S3E14. La Balkan wave del rap italiano
Le seconde generazioni italo-balcaniche stanno rivoluzionando la scena rap per stile, sound e messaggi. Alen Đokić, in arte Doppelgänger, ci guida nell'analisi di un nuovo fenomeno in pieno sviluppo
Ciao,
bentornata o bentornato a BarBalcani, la newsletter (e sito) dai confini sfumati.
Musica balcanica, dicevamo. Quasi una fissazione, tra trombe, fisarmoniche e ritmi zigani (che se avessi perduto per strada puoi recuperare qui).
C’era un tassello mancante nella nostra analisi sui generi contenuti nello sconfinato quadro che chiamiamo “musica balcanica”.
Ne mancava uno solo, ma decisivo per capire in che direzione si sta andando negli ultimi anni, se non mesi. E non solo nei Balcani, ma soprattutto in Italia.
Mancava perché sta nascendo proprio ora, mentre lo ascoltiamo, ne scriviamo, ne leggiamo. E a BarBalcani siamo sicuri meriti uno spazio tutto suo.
È il rap balcanico. Un’onda, una wave, che sta travolgendo la scena rap italiana grazie alle seconde generazioni figlie di chi dai Balcani è partito negli anni Novanta.
Cos’è il rap italo-balcanico
La Balkan wave è un fenomeno musicale che si sta affermando nella scena rap italiana da pochissimi anni.
Non va più indietro del 2020 e ha avuto la sua esplosione nel biennio 2021-2022, con l’intensificarsi della pubblicazione di singoli e album da parte di giovani artisti.
Non si può parlare di rap italo-balcanico senza considerare l’origine dei suoi esponenti. Ragazze e ragazzi nati negli ultimissimi anni Novanta o primi Duemila da genitori emigrati in Italia dall’Albania e dai Paesi dell’ex-Jugoslavia (o trasferitisi nei primi anni di vita).
Sono le seconde generazioni con un piede in Italia e un piede nei Balcani, che riconoscono un pezzo d’identità da una parte e un pezzo d’identità dall’altra dell’Adriatico.
Il Ghost italo-kosovaro, Daxter e Xhovana italo-albanesi, Doppelgänger italo-bosniaco. Ognuno con una storia personale e un percorso artistico unico.

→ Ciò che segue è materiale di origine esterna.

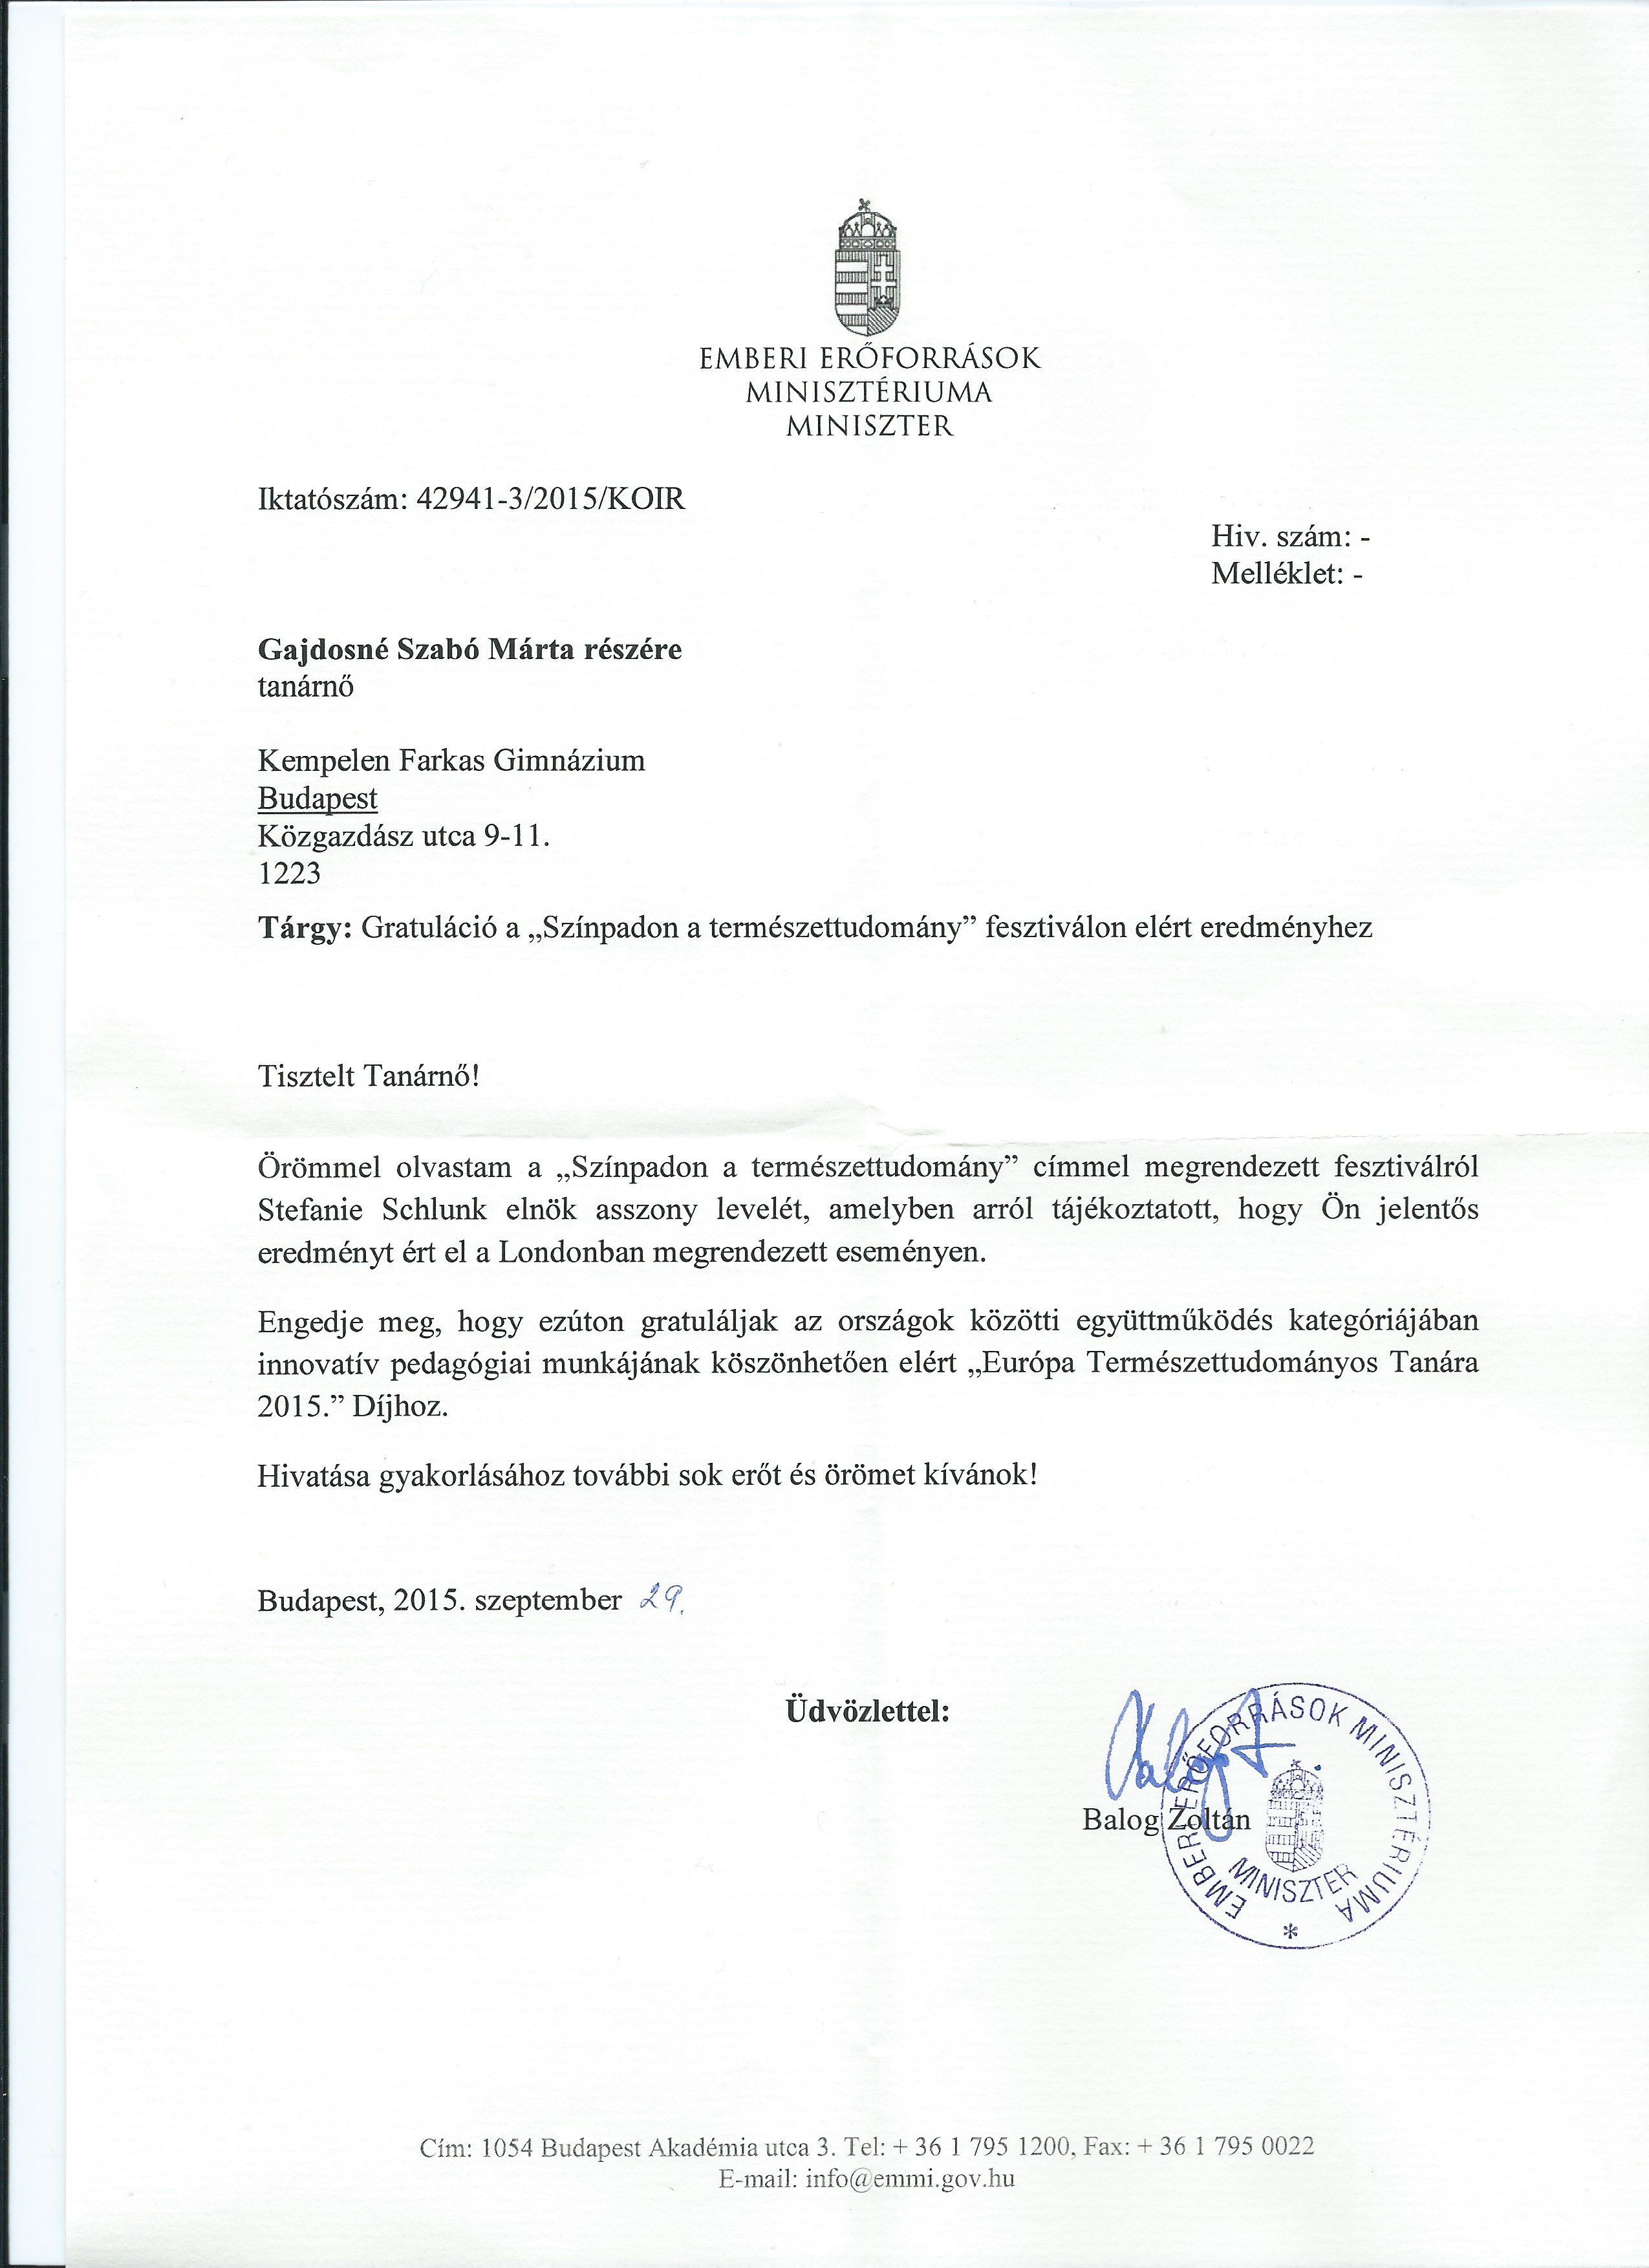 Balog Zoltán gratuláló levele Gajdosné Szabó Mártának

Musicalmente il loro stile si rifa a quello dei rapper balcanici più affermati, come Noizy, Frenkie, Edo Maajka, Coby e Ghetto Geasy. È spesso un rap crudo, che parla di periferie, armi, droga, esclusione e conflitto sociale.
Ma gli esponenti della Balkan wave hanno anche un’altra caratteristica che li contraddistingue e li differenzia dagli altri rapper balcanici. Il racconto di una vita vissuta in Italia e di un’anima legata ai Balcani, che emerge dai testi e dal sound.

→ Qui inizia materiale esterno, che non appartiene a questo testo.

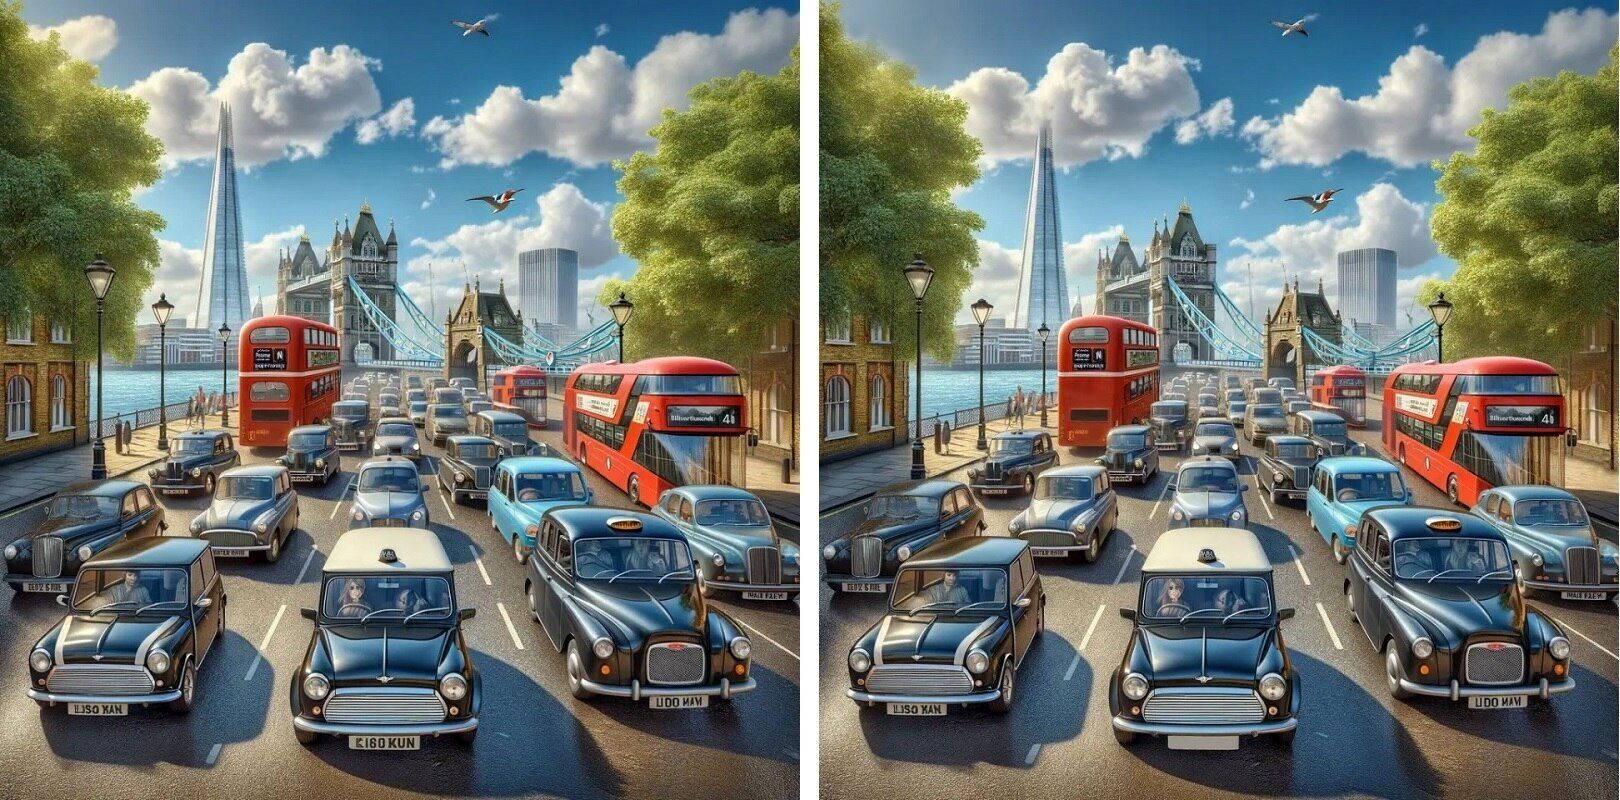 ترافیک در خیابان لندن و 10 تفاوت بین دو تصویر

Per capire meglio cosa si nasconde dietro questo fenomeno in ascesa, BarBalcani ha chiesto a uno degli esponenti più interessanti della wave italo-balcanica di raccontarci come nasce e si sviluppa una nuova tendenza nella scena rap.
Alen Đokić, in arte Doppelgänger, è un rapper italo-bosniaco. È nato nel 2000 a Roma da una famiglia originaria di Kotor Varoš, a pochi chilometri da Banja Luka (nell’entità a maggioranza serba della Bosnia ed Erzgovina).
Il tratto più originale di Doppelgänger è quello di riversare nella sua musica il significato profondo di un’identità non facilmente inquadrabile e divisa a metà. Ma soprattutto di voler parlare non solo a bosniaci e italo-bosniaci come lui, e diventare un punto di riferimento per tutti gli italo-balcanici.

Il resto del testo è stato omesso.